Упоминание об отце жалит его. Он был плохим отцом. Бар-Аво не видел его долгое время.
«Я теперь мужчина. Какая разница, чей я сын».
И взгляд Ав-Рахама обращается к одному мужчине из многих, стоящих позади него, и они смеются вдвоем. Бар-Аво не может распознать этот смех, не может понять, что он означает: да, мы понимаем тебя, мы сами говорили так о себе, когда были молодыми.
Бар-Аво кричит на окружение этих спокойных, неторопливых людей. «Не спрашивай меня об отце! Мой отец мертв! У меня нет отца!»
И Ав-Рахим медленно поясняет: «У никого из нас нет отцов».
Бар-Аво оглядывает их, пытясь увидеть насмешливый взгляд.
«Или, по крайней мере, Бог — наш отец», говорит Ав-Рахам, «а другие отцы не значат для нас ничто. С нами ты можешь быть просто Его сыном. Или моим, поскольку я — отец у многих».
Бар-Аво щурится и размышляет, кусая губу.
«Я буду сыном отца», наконец, решает он, и так получает свое имя, означающее «сын отца», и другое имя, бывшее у него, не подходит к нему точнее нового. Он теперь человек, который несет в себе своего отца — безымянного, невидимого, неосязаяемого отца.
Ав-Рахам, чье имя означает «отец у многих», смеется.

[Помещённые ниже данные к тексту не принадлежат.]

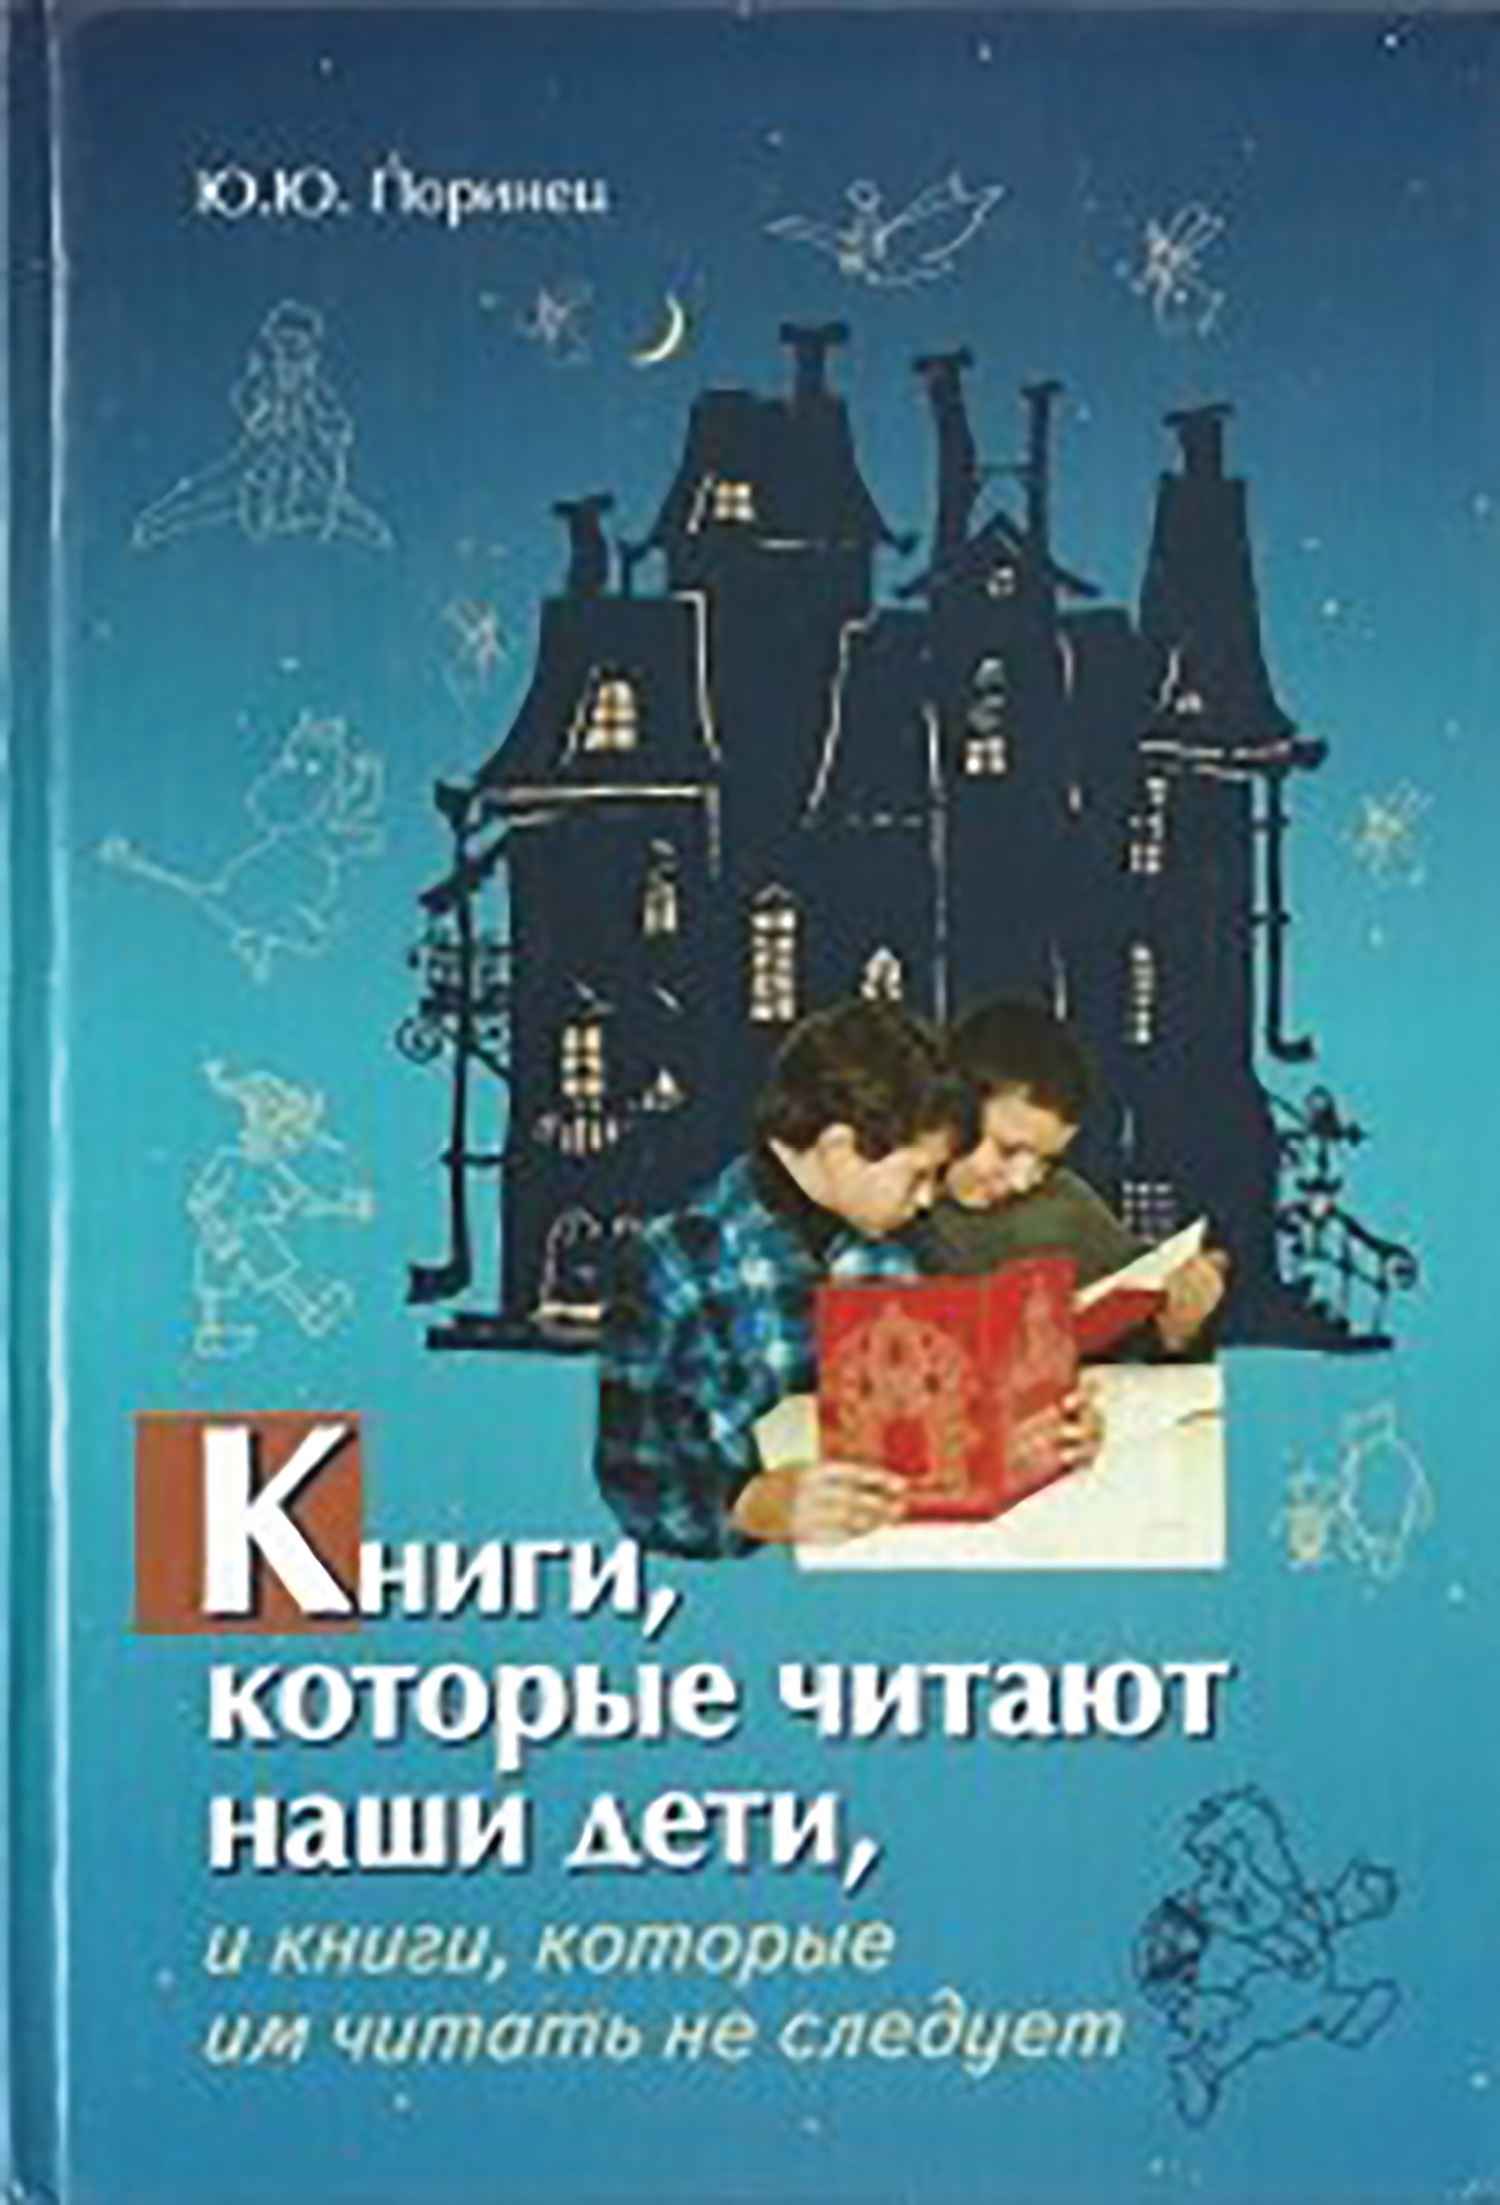 Книги, которые читают наши дети, и книги, которые им читать не следует - Юрий Юрьевич Поринец

«В любом случае», говорит он, «ты теперь — с нами».
И так и есть.
Поначалу они давали ему небольшие поручения, и он усердно с ними справлялся. Несколько кинжалов, пронесенных мимо стражников: он спрятал их на дне повозки с овощами, которую попросил провезти крестьянин на рынок, и получил за это двойную плату — одну от крестьянина, и другую от людей Ав-Рахама. Передать сообщения. Наблюдать за спокойствием вокруг, пока другие режут кожаные поводья, удерживающие в стойле дорогого коня Префекта, потом шлепнут коня по ляжке, и тот понесется по площади, напугается запахами и шумами, упадет и повредит себе ногу. Подслушивать разговоры на рынке: всегда найдется применение неосторожным словам.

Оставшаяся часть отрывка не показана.